Let's look at the venerable uA741C datasheet. The 741, although not the first integrated circuit operation amplifier, was the first internally-compensated IC op-amp -- first introduced as the Fairchild uA741 in 1968, with lots of second-source versions -- and it deserves to keep its place on the shelf and out of your designs. Why? Because there are literally hundreds of better op-amps to choose from, many that are just as cheap as the 741. (Just for performance comparison, take a look at the TLC081C. It's somewhat more expensive, but not very much so, and we'll take a look at how it stacks up against the 741.)
In any case, here we go:
- Input offset voltage -- The ideal op-amps make their inputs exactly equal by moving around the outputs. Real op-amps have an input offset voltage caused by imperfect matching between the input transistors.
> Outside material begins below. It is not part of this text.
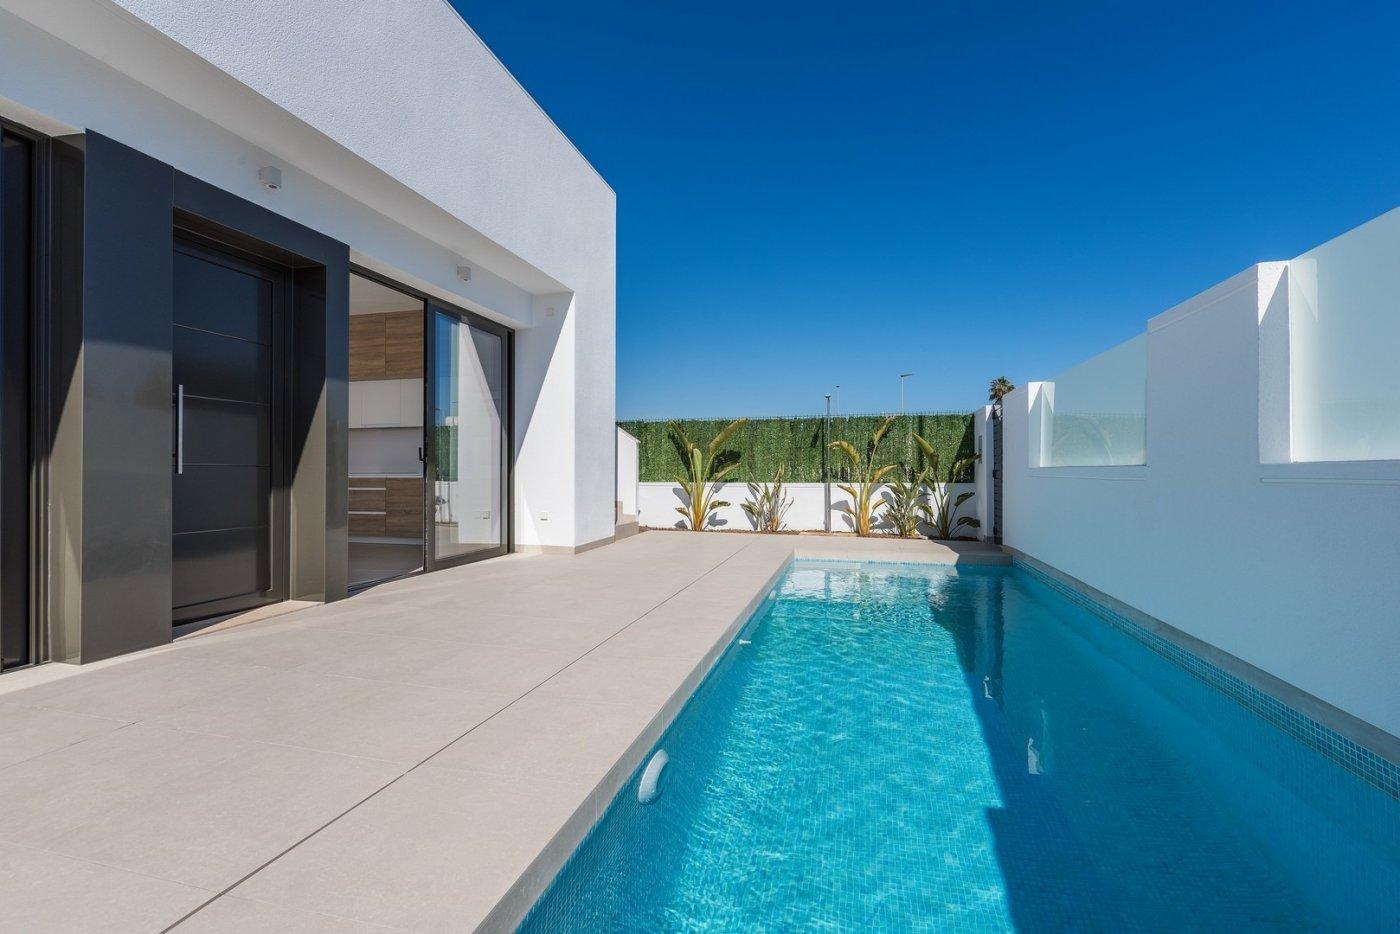 Villas nuevas con piscina privada y solarium a 700m de la playa !!! - imagenInmueble11

The uA741C has a worst-case offset voltage over its temperature range of 7.5mV. In a gain amplifier, multiply by the gain and that gives you the offset error at the output: a gain of 100 would have worst-case error due to voltage offset of 0.75V. Typical op-amp offset voltage is in the 1-5mV range; you can pay more and get offset voltages under 1mV. The TLC081C is spec'd at 3.0mV max over temperature.
- Input bias current -- The 741C's maximum input bias current over temperature is 800nA. Yuck. The inputs of a bipolar opamp look like the bases of transistors, and they need base current flowing into them in order to conduct current and operate properly. The ideal op-amp looks like an open-circuit high-impedance input: if you have a source voltage with output impedance Rs, it will cause a voltage error of Rs * Ib. If Rs is 10K, 10K * 800nA = 8mV which is more than the offset voltage. Rs = 100K? Forget it with a 741. Most opamps nowadays are much better: there are bipolar designs which have bias-current-canceling circuits, but JFET opamps reduce input bias current greatly, and modern CMOS opamps can get bias current down into the picoamp range. Max TLC081C bias current over temperature is 700pA; electrometer-grade op-amps have input bias currents of less than 1 pA.
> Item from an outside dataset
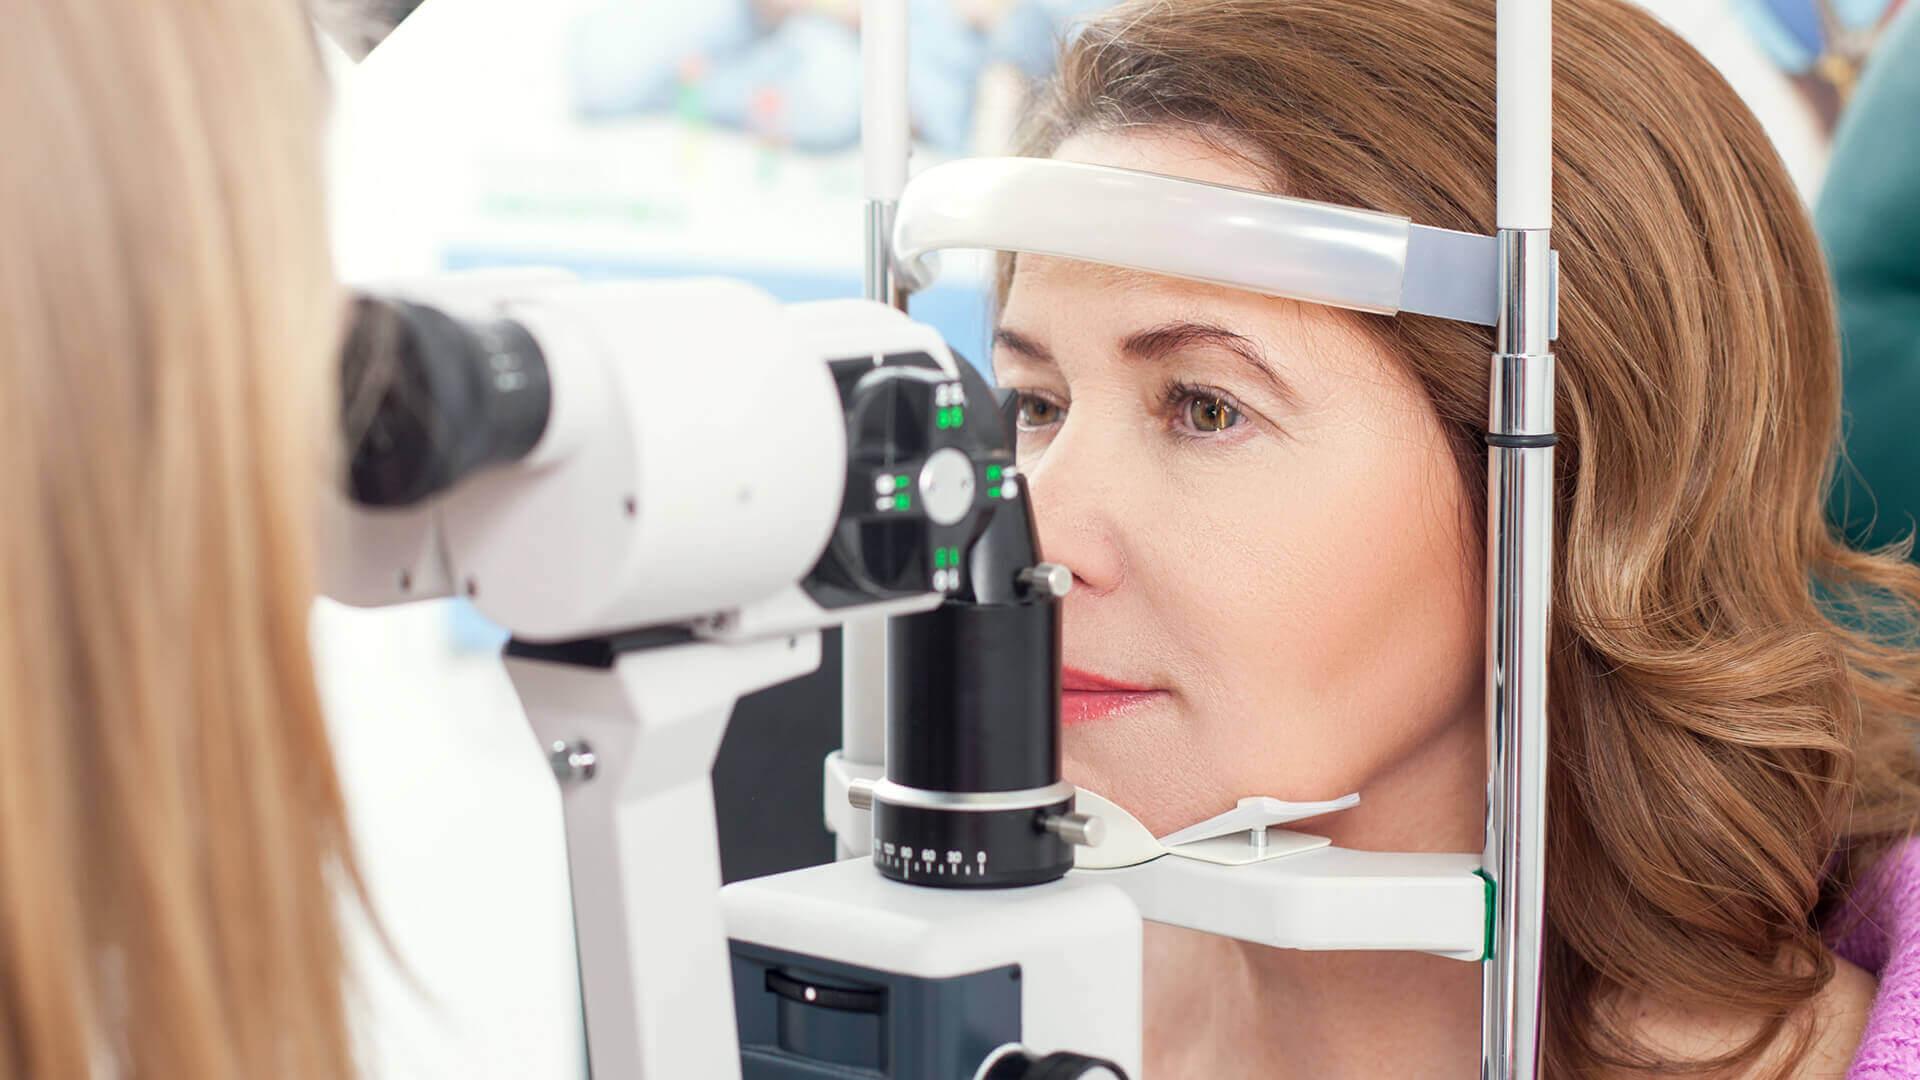 Augenuntersuchung, Lasertherapie und Augenoperation in Essen

- Input offset current -- if you have an op-amp that you like but it has lousy input bias current, don't give up: you should look at the offset current. This is the mismatch between the bias currents of the two inputs. Ideally it's zero, but usually it's on par or less than the bias current, in which case if you use balanced circuits that have the same source impedance on both + and - inputs, then the bias currents will cancel out and you'll be left with offset current Ios * Rs for a voltage error on the input. The uA741C has a bias current of 800nA max, but an offset current of 300nA max, so if you use balanced resistors you should be able to reduce the effects of input current by a factor of 2.5 compared to an unbalanced input. For most circuits this is pretty easy to do: with a unity-gain buffer, for instance, instead of tying output directly to the "-" feedback terminal, put a resistor there with a value equal to whatever resistance is seen at the "+" feedback terminal. (Use Thevenin equivalent resistance, and if you can't remember what that is, read my previous column on the subject.)
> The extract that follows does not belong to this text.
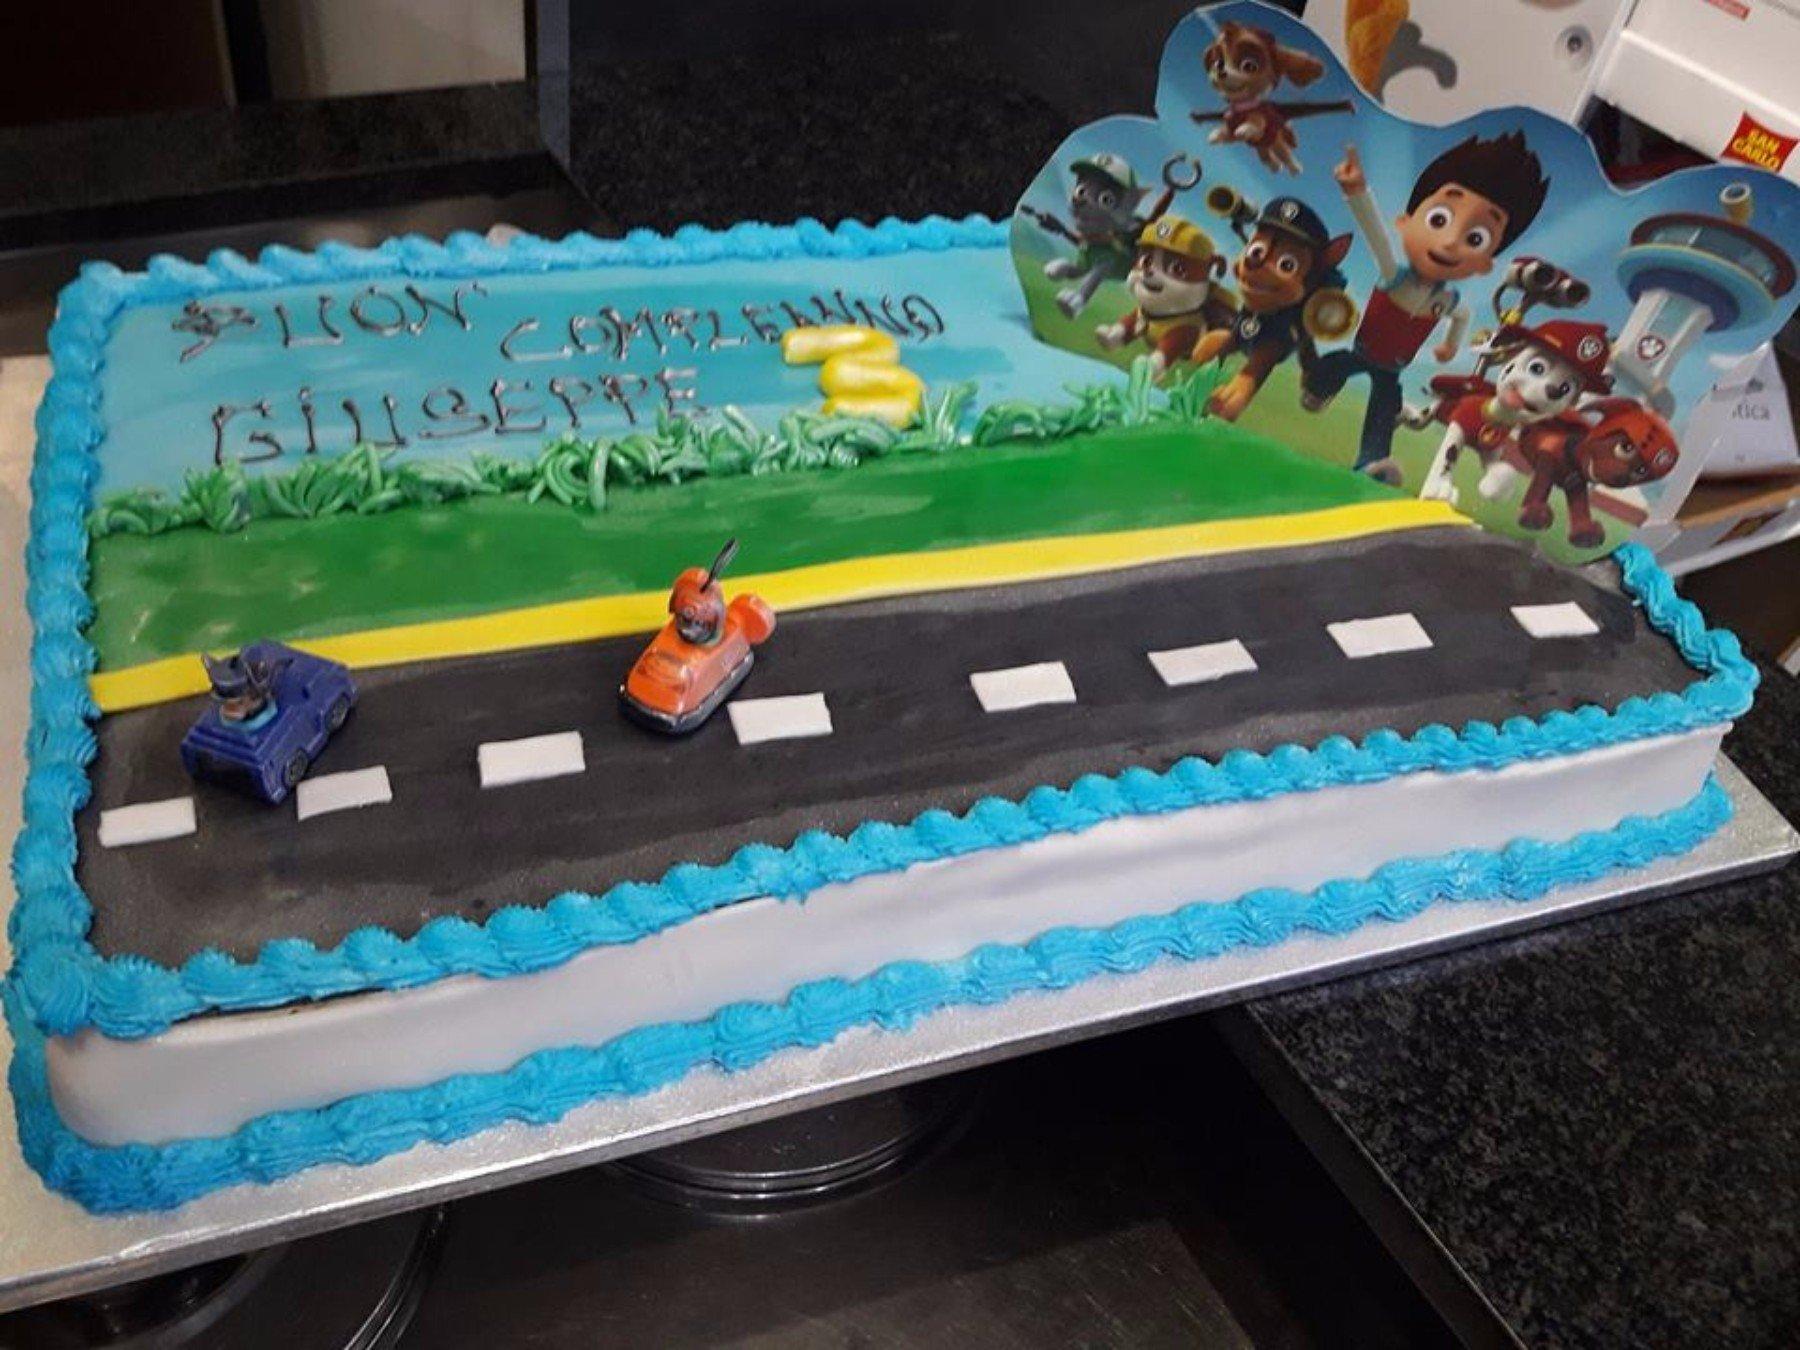 Torta blu e bianco con auto e personaggi di cartoni animati

- Temperature coefficient of input offset voltage: Okay, so you found a cruddy op-amp to measure something that you feed into an ADC on your microcontroller. Who cares about offset voltage error? We can just calibrate that voltage error out, right? Well, it's not a fixed voltage error, but it depends on temperature. The 741 datasheet doesn't specify input offset tempco: they don't test for it, so you get what you get. The TLC081C has a typical tempco of 1.2uV/C which is fairly typical of CMOS op-amps. A temperature change of 20 C could cause an offset voltage change of 25uV on average, which is small compared to the offset voltage itself.
These are the main sources of DC error in the op-amp's linear range.
Linear range? What, did you expect to feed in 1V into a gain-of-100 amplifier and get 100V out from an op-amp running on +/-15V supplies?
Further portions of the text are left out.